I was still on the ground, but almost lighter than the surrounding air. Very carefully, so as not suddenly to hit the ceiling, I twisted the face of the instrument.

It was just a trifle too much, and I flew upward, though not fast, and gently bumped my head, and then ricocheted down, barely touching the floor with my feet, and then back up and down for several minutes, until I finally came to rest with my feet about a meter off the floor.

"How do you feel?" said Michele, half laughing, but with a worried look.

I was gasping for breath. The air in the room had suddenly become real and thick to me, like an ocean I was submerged in, and I had the feeling I was drowning; but that began to subside as soon as my body realized it could breathe this liquid.

When I could speak, I said, "I think . . . I'm just scared, mostly . . . it's not like being up in a balloon or anything, because there's nothing to hold you up, and you feel you're going to fall." And I described the drowning sensation for the record. It felt vaguely familiar, however, and it was only later that I realized I was associating it with some dreams I had had (which I discovered were rather common), where I would move my arms in a certain way and rise off the ground and float.

As I grew used to being up in the air, it began to be rather fun, and I was experimenting to see if I could move around by swimming; but the air was so thin that, even though I was practically massless, it was not very successful. I could rise a little by treading air, and was trying this out when the furnace went on, and a current of air blew my feet from under me and sent me flying like an arrow toward the cold air return. I went crashing into a lampshade, and grabbed frantically at it as I bounced off.

"Turn off that damn thing!" I shouted, feeling like an idiot, holding onto the shade for dear life and fluttering in the breeze like a flag.

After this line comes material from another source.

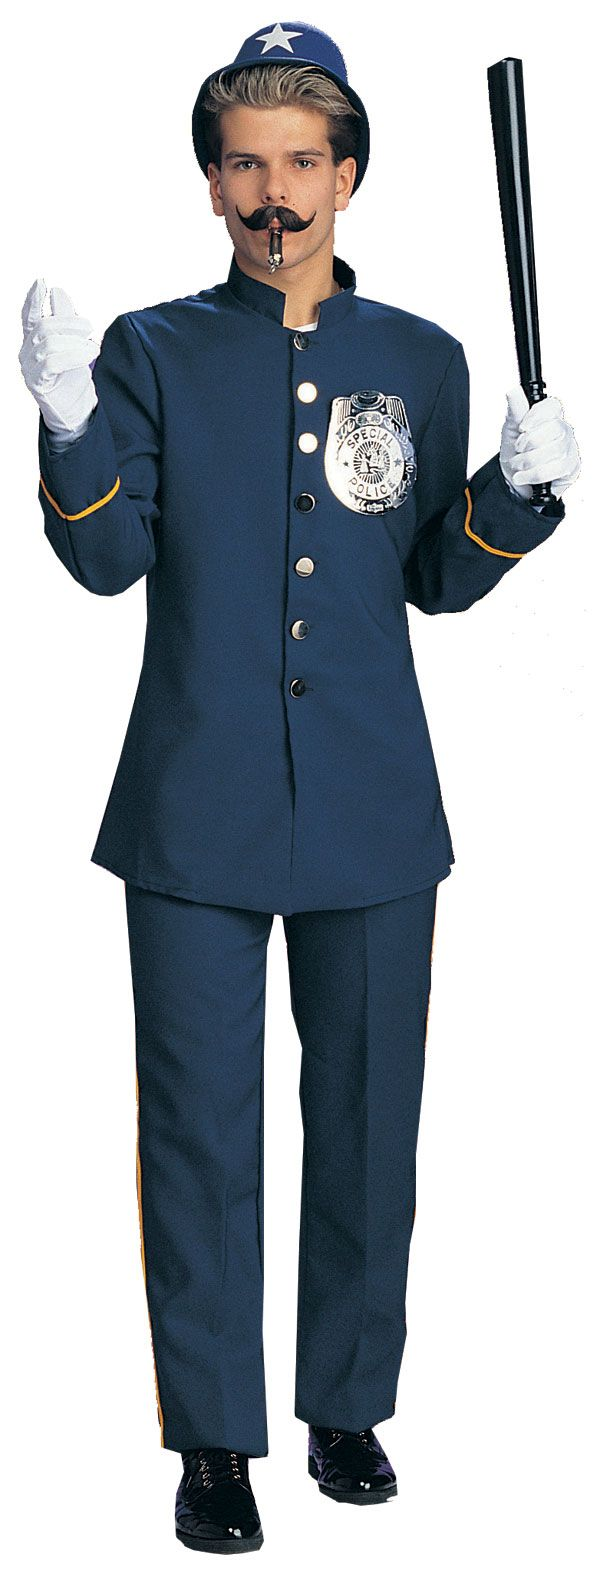 Keystone Cop Adult Costume - Police Costumes.  $40.  Costume Craze.  Men's.

Michele could only shriek "If you could see yourself!" between fits of laughter, rolling on the floor. I screamed that it was no joke, but she was helpless; but the thermostat decided after a minute or so that that torture was enough, and when the wind died down, the weight of my shoes brought me back to an upright position--which has a great deal to be said for it, all things considered.

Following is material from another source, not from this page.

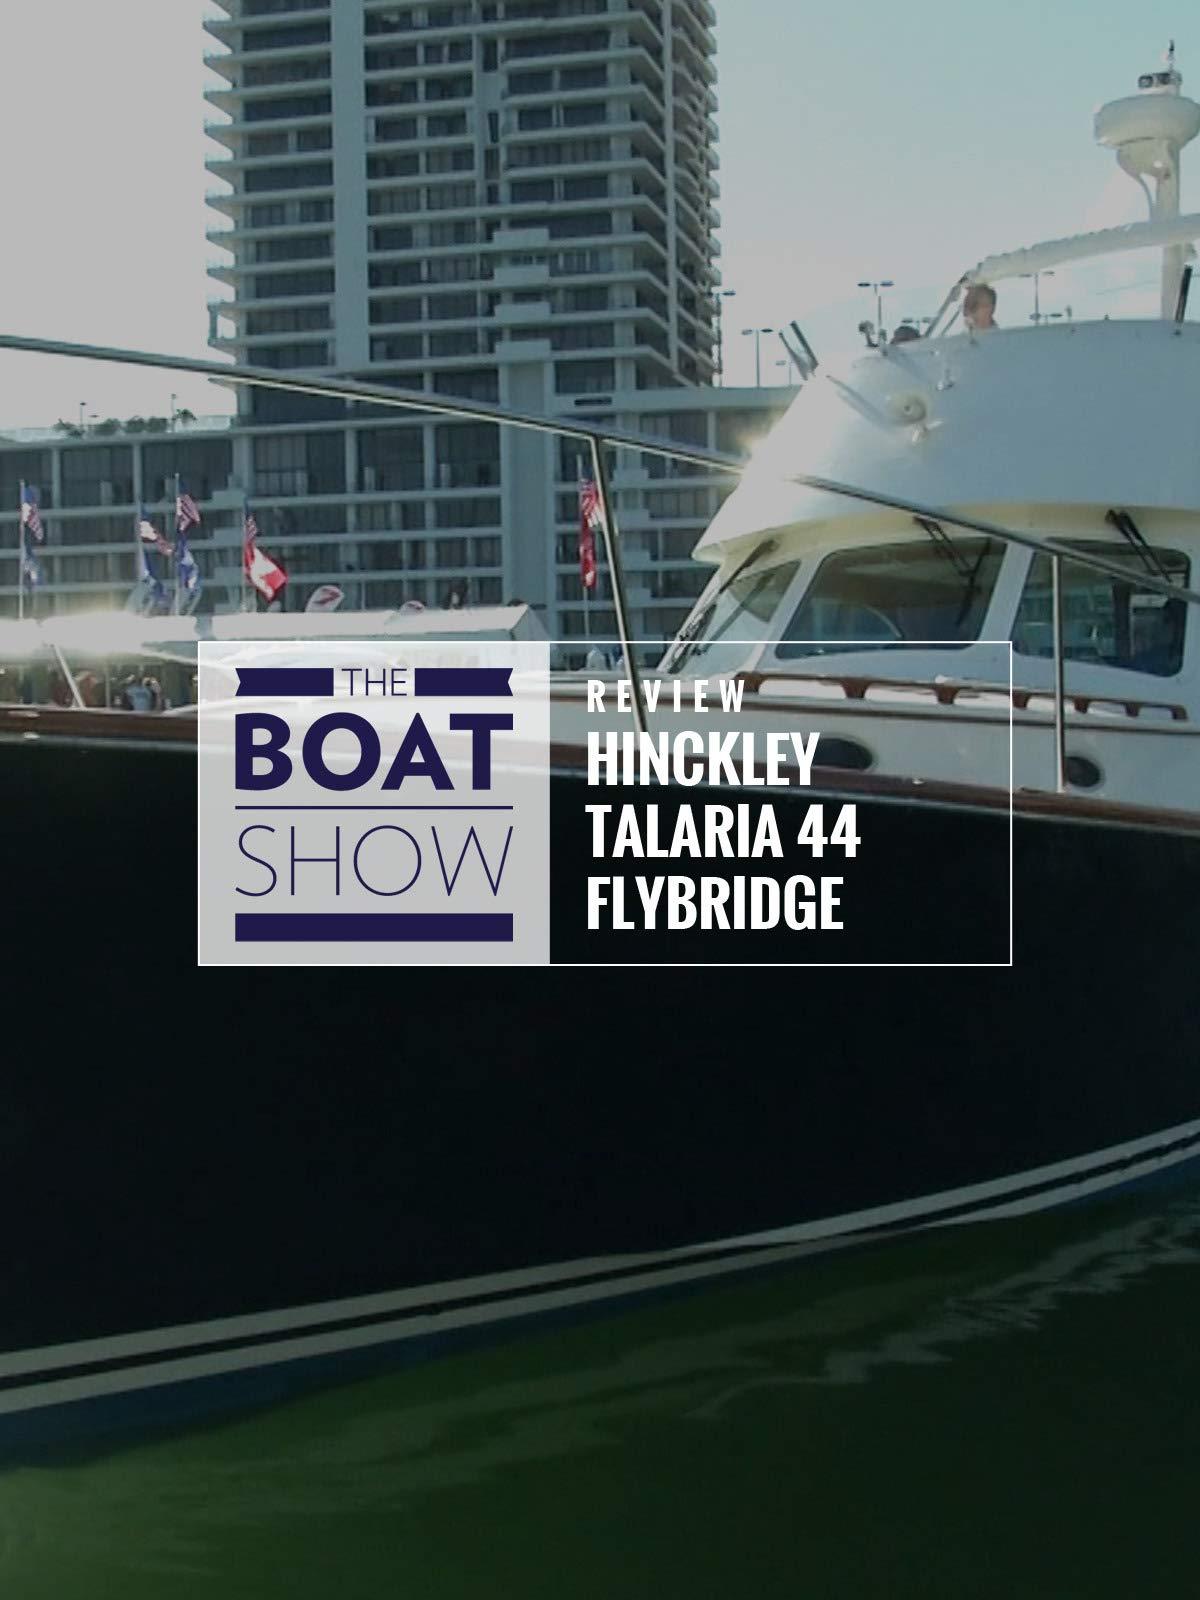 Review: Hinckley Talaria 44 Flybridge on Amazon Prime Instant Video UK

I felt my shoulder. "That lampshade felt like steel," I said. It was heavy paper.

"I imagine it would," said Michele, wiping the tears away. "You've got to weigh less now than a speck of dust; you couldn't have done it any damage no matter how hard you hit it. Did you hurt yourself?"

"It doesn't look like it," I said, moving my arm around. "But I'll bet there'll be a nice bruise there. Look, see to that thermostat, will you, so this doesn't happen again."

"Okay, but you come down now," she said as she turned it down. "It's my turn."

"I think before we do any more of this, we'd better get a fine-tuning adjustment on--"

What cut me off was that the door opened. I was standing with my back to it, and suddenly felt as if someone had punched me in the solar plexus and simultaneously grabbed me by the seat of the pants. As I flew, doubled and rear-end foremost, through the door, I caught a glimpse of Mike Wang, one hand on the knob, dodging the flailing arms and legs as I shot by, and saying, "What? What?" his eyes round as a Caucasian.

"Catch him!" cried Michele. "He'll hurt himself!" But he was too stunned to move, and I was too doubled up to grab him as I went by, down the corridor.

He had left the corridor door open too, which was what caused the wind in the first place; and the gentle April breeze blew me like a tornado out into the open air. I could hear Michele running after me shouting, and then Mike's voice right behind her. I didn't dare try adjusting the mass-reducer, for fear I'd either crash into the ground with my full weight, or go sailing over the rooftops, and there was nothing at the moment to grab onto.

Across the street I flew, still about a meter off the ground, but beginning to climb as the wind currents began to go round the buildings on the other side. It blew me between them, over an outdoor basketball court by one of the dorms, and I yelled to our seven-foot senior "Grab me!" as my feet sailed past his head. He dropped the ball and stared. I reached for the basket, but missed.

There were trees on the other side of the court, however, and I was able to grab a limb of one of them before I got blown in among the branches, turn off the mass-reducer, and drop to the ground. I walked back across the court, with my legs like jelly, without saying a word to the students, who gave me a rather wide berth. I noticed later a rather different attitude in my classes--not that they studied any harder, unfortunately.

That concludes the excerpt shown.